Love helps you determine what is best
The Apostle Paul prayed for the saints in Philippi that their “love would overflow more and more in knowledge and full insight” in order to help them “determine what is best”. So when deciding between two goods, love helps you choose the best. Ask yourself, “what would love do?”
Paul gives his own example in chapter one. Faced with his likely execution, he sees living and dying as good options.
“I am torn between the two: my desire is to depart and be with Christ, for that is far better for me; but to remain in the flesh is more necessary for you.” Philippians 1:23–24.
Paul thought dying was better for him. But he knew his people needed him so he made up his mind to pray and fight for that. He chose what was better for others. This is the love that overflows in knowledge and depth of insight. His knowledge of God and insight into God’s love displayed in Christ made him more loving. That love in turn gave him discernment of what was best.
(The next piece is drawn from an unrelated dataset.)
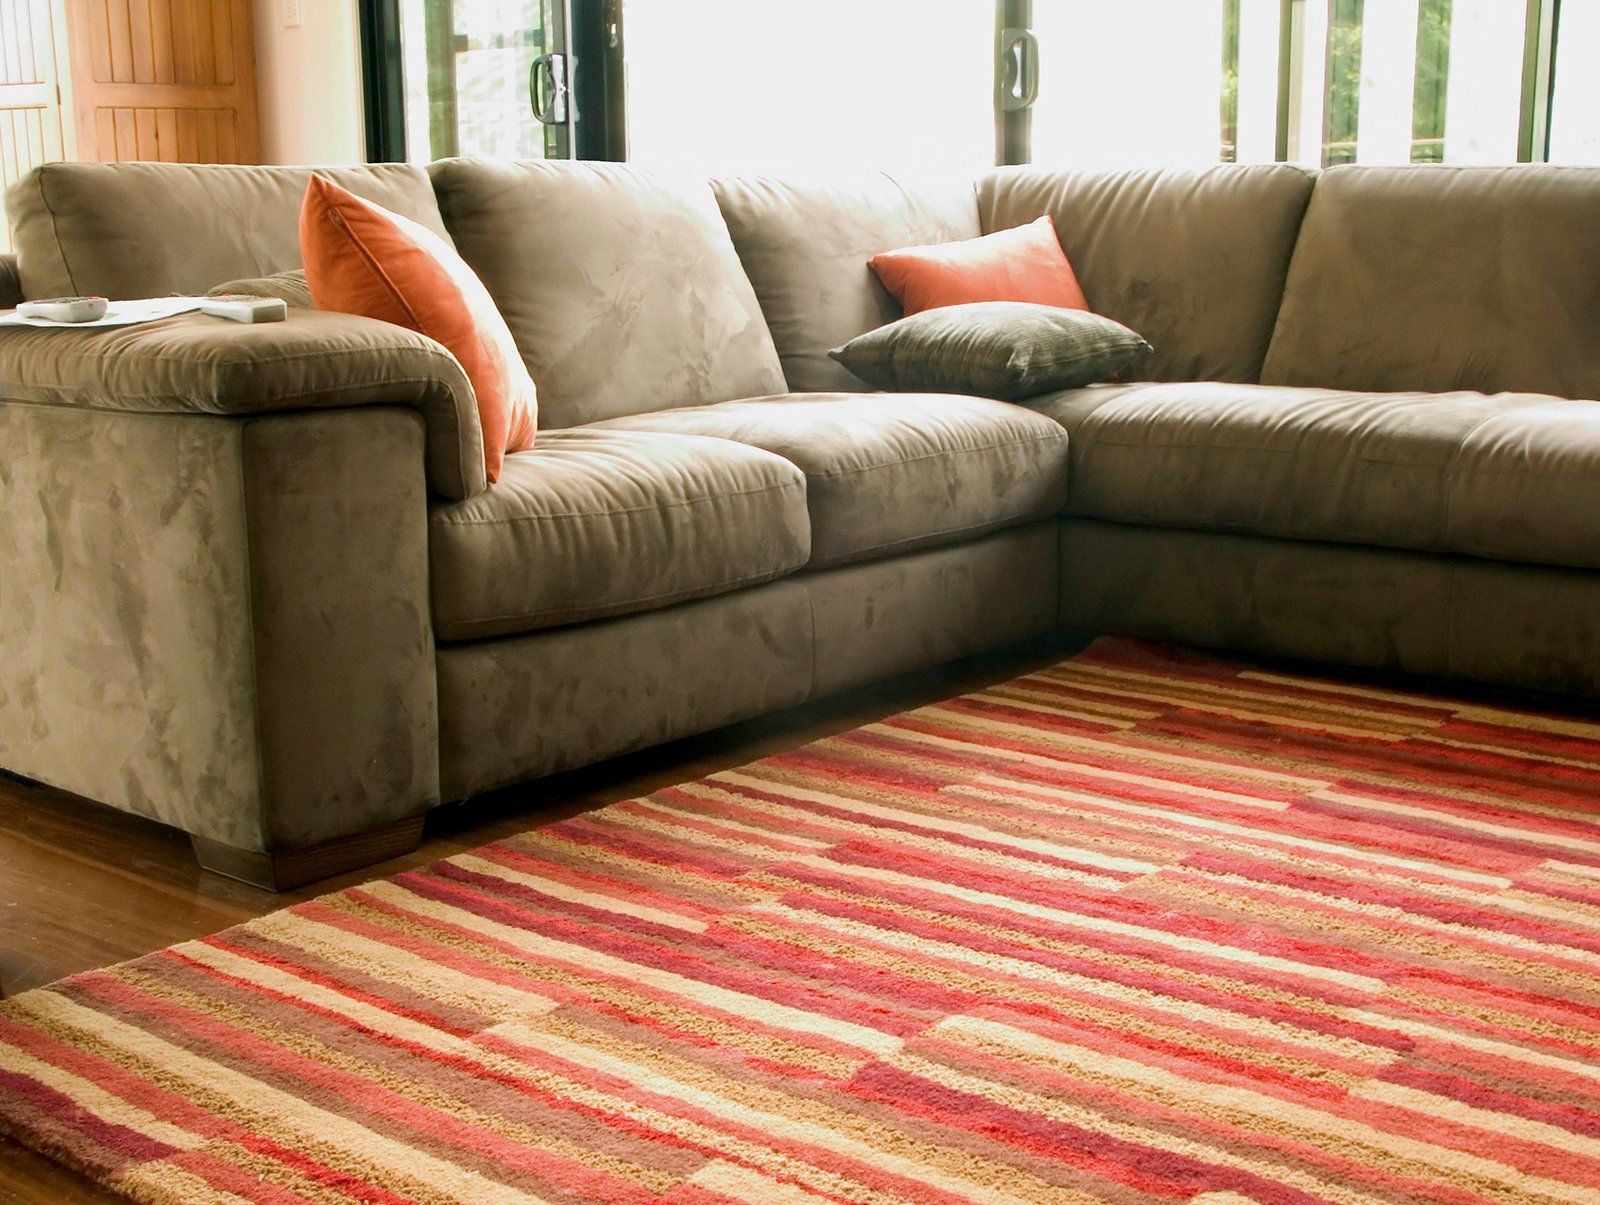 Living room sofa and a carpet

Later in the letter he displays Jesus as the ultimate example of how love always puts the good of others ahead itself. Instead of choosing what was better for him, Jesus chose what was better for us. Love chooses what is best for the other.
So when we are given a choice between what’s better for us and what’s better for others, Christians ask what love would do. Then we do that. Not because the governor said so. Because Jesus did. Because Paul did. Because that’s what love does.